75 Name: kidb : 2008-04-18 15:03 ID:j+z/zY7z

>>52

man i bet this guy is impossible to be around in real life

no wonder he became a "recluse", it's not because he is in ANY way a hikikomori case, it's because, well, who the fuck would want to be around someone like that?

i like how you admit straight away that you 'spew' right wing politics for a year, cause the way you carry yourself and the tenor of your speech is comically stereotypical

76 Name: Anonymous : 2008-04-18 18:01 ID:H3YT+WO5

Well, I'm not a hardcore hikki, in fact, I'm not even sure I can quite define myself as one. I have a job at Subway, usually closing shifts, I like my co-workers generally, and I'm making some money. I have three classes at a Community College right now, but my GPA is sitting at a less than pretty 3.0, what can I say, I'm lazy. I have maybe one friend, who is kind of useless, he never wants to go anywhere, I haven't really talked to him this month. To be honest with you, I think my life is rather lonely and boring, I feel totally remote, I can't talk to my mom without getting irritated, my dad is never around, I mostly dislike my sister, and my school's social scene is jam packed with people that have no desire to do anything at all at the end of class. I feel stuck right now, I come home around noon-1:30p, pick up my sister at 2:30p, and go to work at 4:00p. I come home anywhere from 8 to 10pm, depending on my shift, and I sit in front of the computer until about 11pm. Then I go to bed.

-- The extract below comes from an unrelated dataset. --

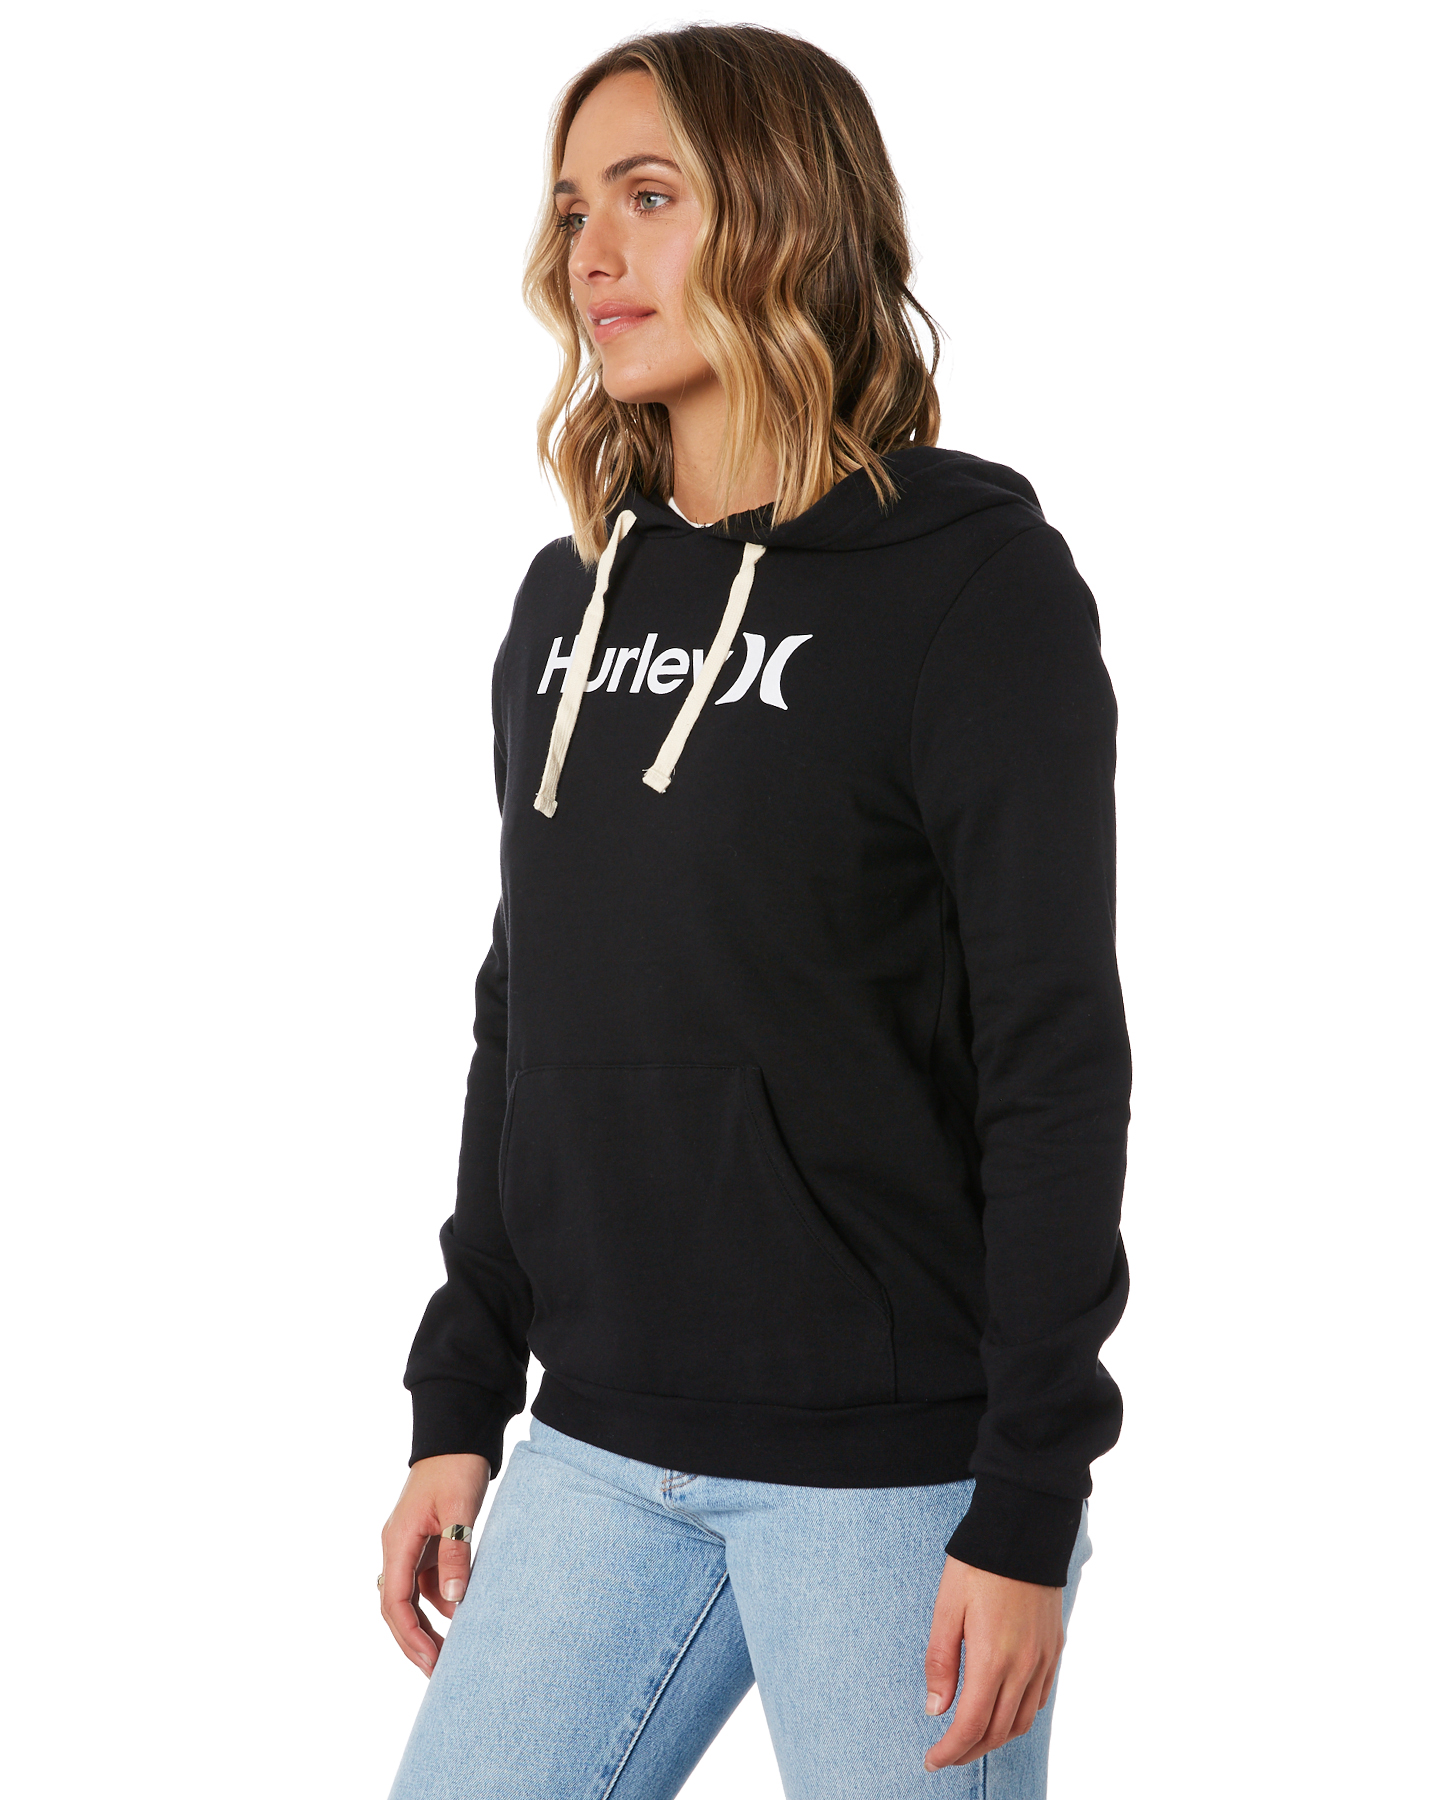 Hurley One And Only Fleece Pull Over - Black | SurfStitch

What I have written is my entire life. There is nothing else. Frankly, I feel like killing myself every month or so.

77 Name: Anonymous : 2008-04-19 22:09 ID:/q3EwiBo

>>29
Hi, this is >>25 back once more. Yeah, I am spending countless hours in the tutoring center at my CC, working on my math. Its actually going well, I really have the principles of equation solving down pretty solidly.

But, its the numbers that get me. You know, things like moving decimal points when working with percentages. I guess that I'm better at abstract pattern problems, like the ones on IQ tests, and things that can be better visualized.

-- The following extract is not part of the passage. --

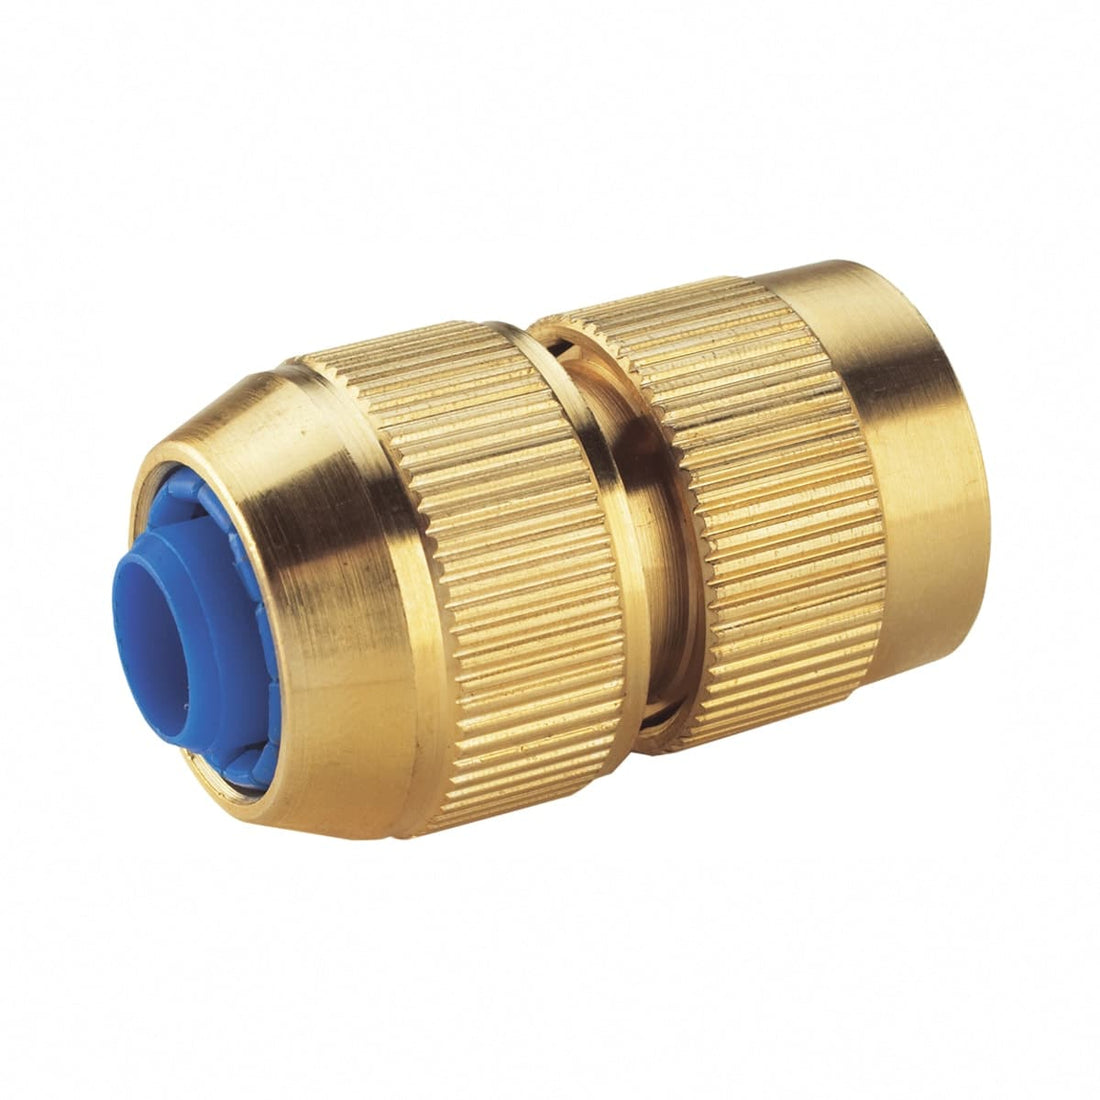 BRASS QUICK COUPLING FOR 12 AND 15 MM DIAMETER PIPES COLORTAP - best price from Maltashopper.com BR500410124

All that I can say to the shut-ins out there is to just get out into the world. It has not been easy, sometimes I just feel burned out. Just keep this in mind: there is no escaping your fate or destiny, if you lack the initiative to meet it on your own terms while you still can, fate may come down upon you much harder later, on it's terms.

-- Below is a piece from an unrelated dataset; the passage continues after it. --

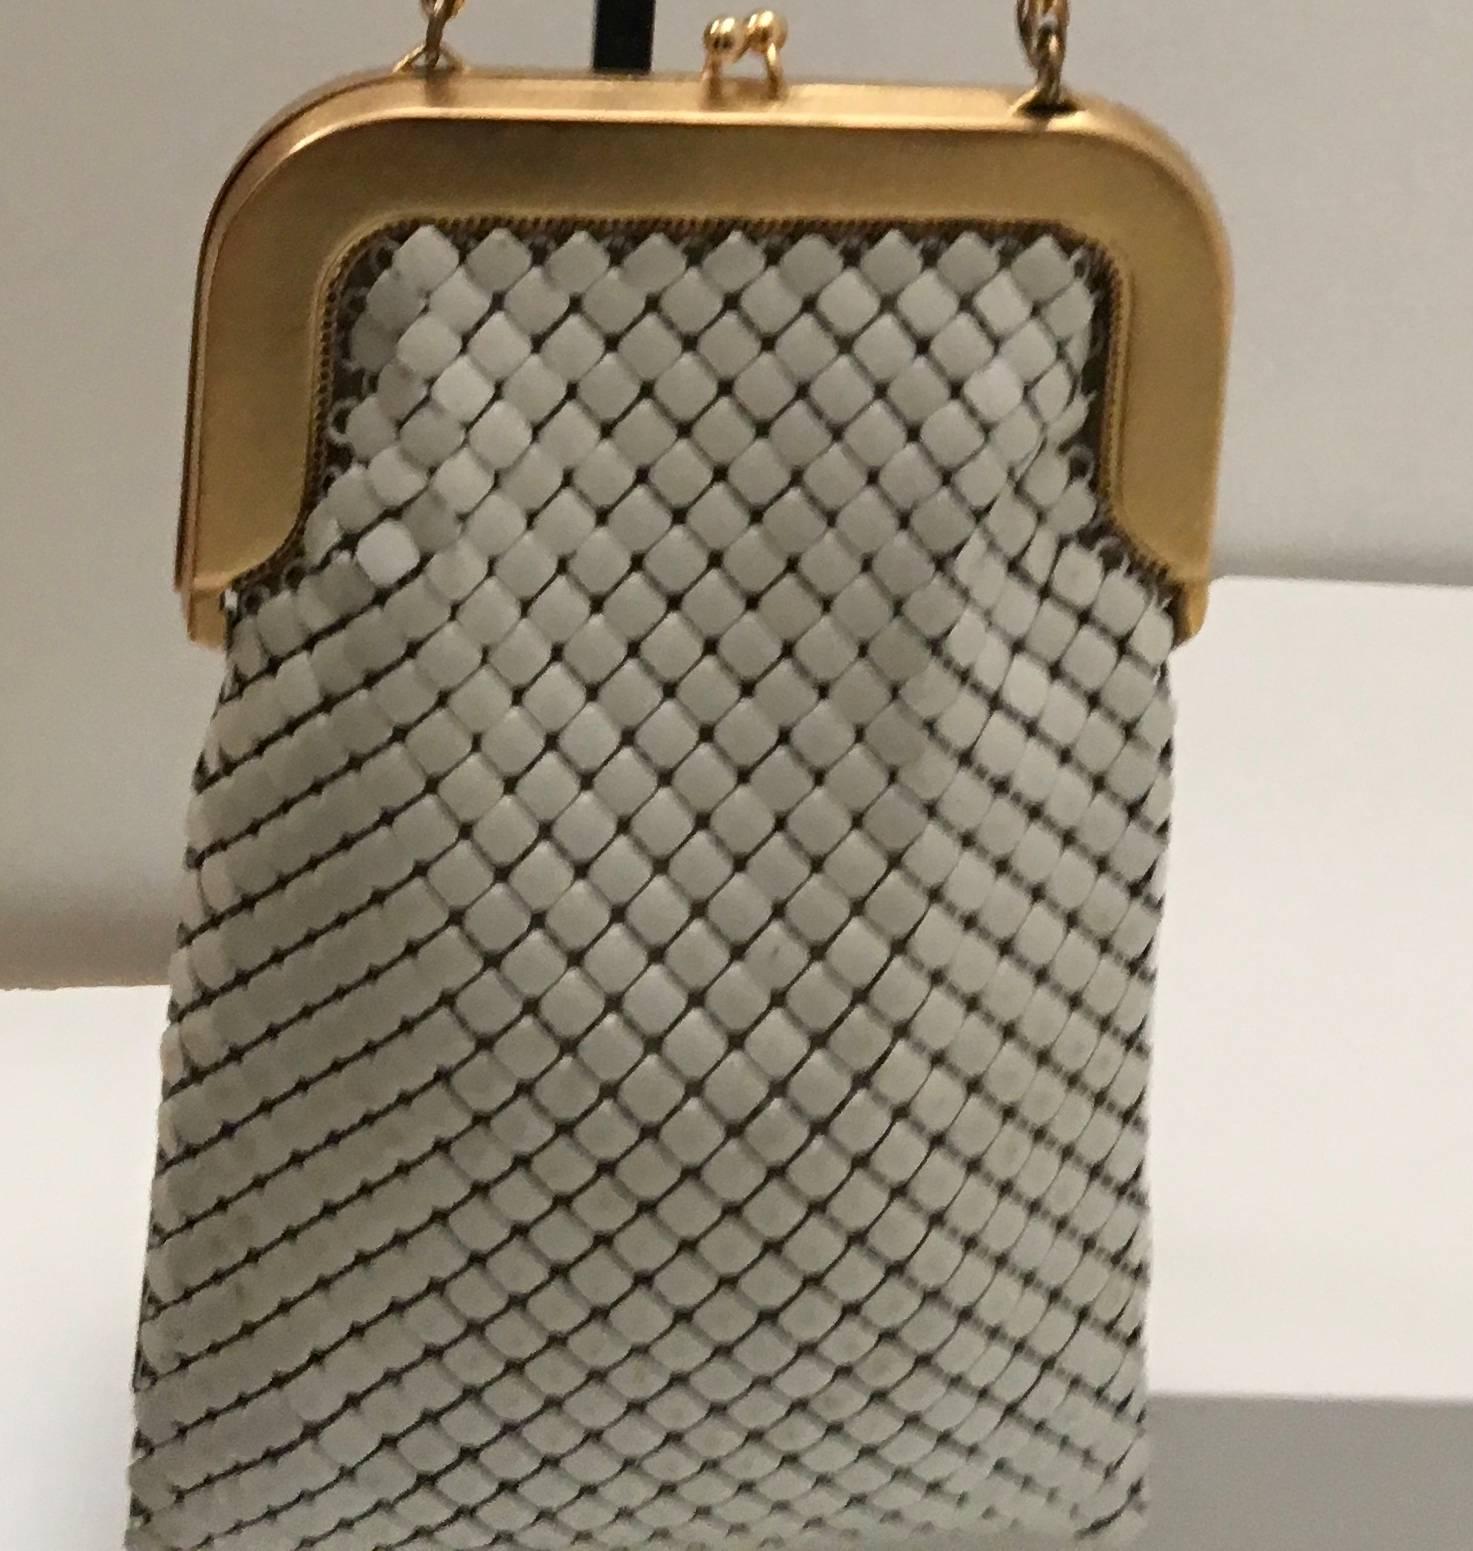 Presented here is a beautiful vintage Whiting and Davis white mesh evening bag from the 1970's. The purse is comprised of a beautiful shiny white tone metal coloring on the exterior of the bag. The gold tone metal chain is 30 inches long. The purse

78 Name: Anonymous : 2008-04-20 00:09 ID:Heaven

>>77

I have to do a lot of studying too to get my math skills from childhood back, but it's going really well since I have quite the superior abstract/visual reasoning skills. You'll get it down perfectly if you keep at it.

79 Name: Anonymous : 2008-04-21 01:19 ID:o+pyz1Ze

I share >>75's opinion.

80 Name: Anonymous : 2008-04-22 19:50 ID:GzD9jCxG

>>76
Oh yeah, did I also mention that I have fatigue problems? Yeah, I don't exercise much because I'm always tired, so I look like shit to be honest.

81 Name: 5664 : 2008-04-22 21:01 ID:Ai2QQ5OM

>>80

Drink more water. Then just eat healthier foods. Simple. I am a testament to this.

82 Name: Anonymous : 2008-04-23 12:12 ID:5lV6agBp

>>80
Also, try to get at least 8 full hours of sleep each night, preferably on regular hours (you need to have a rythm so your body knows well when he must be awake or not). 8 to 10 hours is ideal.

83 Name: Anonymous : 2008-04-24 05:58 ID:PsM0t21/

How hard IS it to get off your lazy asses and ...you know...live?

84 Name: Anonymous : 2008-04-24 19:51 ID:Heaven

>>83
Why even come to post that garbage?

85 Name: Anonymous : 2008-04-25 01:26 ID:YU5fXVae

>>84
Stand back, >>83 is a troll!

86 Name: Anonymous : 2008-05-03 20:30 ID:pEh7l1e2

>>77
OP here, math is still a struggle for me but one of the good things about re-taking pre-algebra in your later years seems to be that your capacities for mental math/practical math rise. For instance, when I order food with friends I can calculate the tip and taxes and the guy who is in Calculus now doesn't have a clue on how to do that.

87 Name: Anonymous : 2008-05-04 13:30 ID:Heaven

tip: 0, taxes: included in price of meal already.

Isn't it awesome living in a place which puts the work of calculating the tax where it belongs?

88 Name: Anonymous : 2008-05-13 01:14 ID:rE7BRk4B

>>87
In the United States tip isn't included...

89 Name: S-chan : 2008-05-22 00:14 ID:g7JKFUxQ

>>42
wonderful advice to those who are in need of help.

90 Name: Anonymous : 2008-05-29 01:32 ID:jNCbDhsx

OP here, let's get back on topic to stories of continuing recovery!

91 Name: Anonymous : 2008-05-29 15:50 ID:TspuLO3L

Ex-two-year shut-in, female 19 years old, 5 months in recovery.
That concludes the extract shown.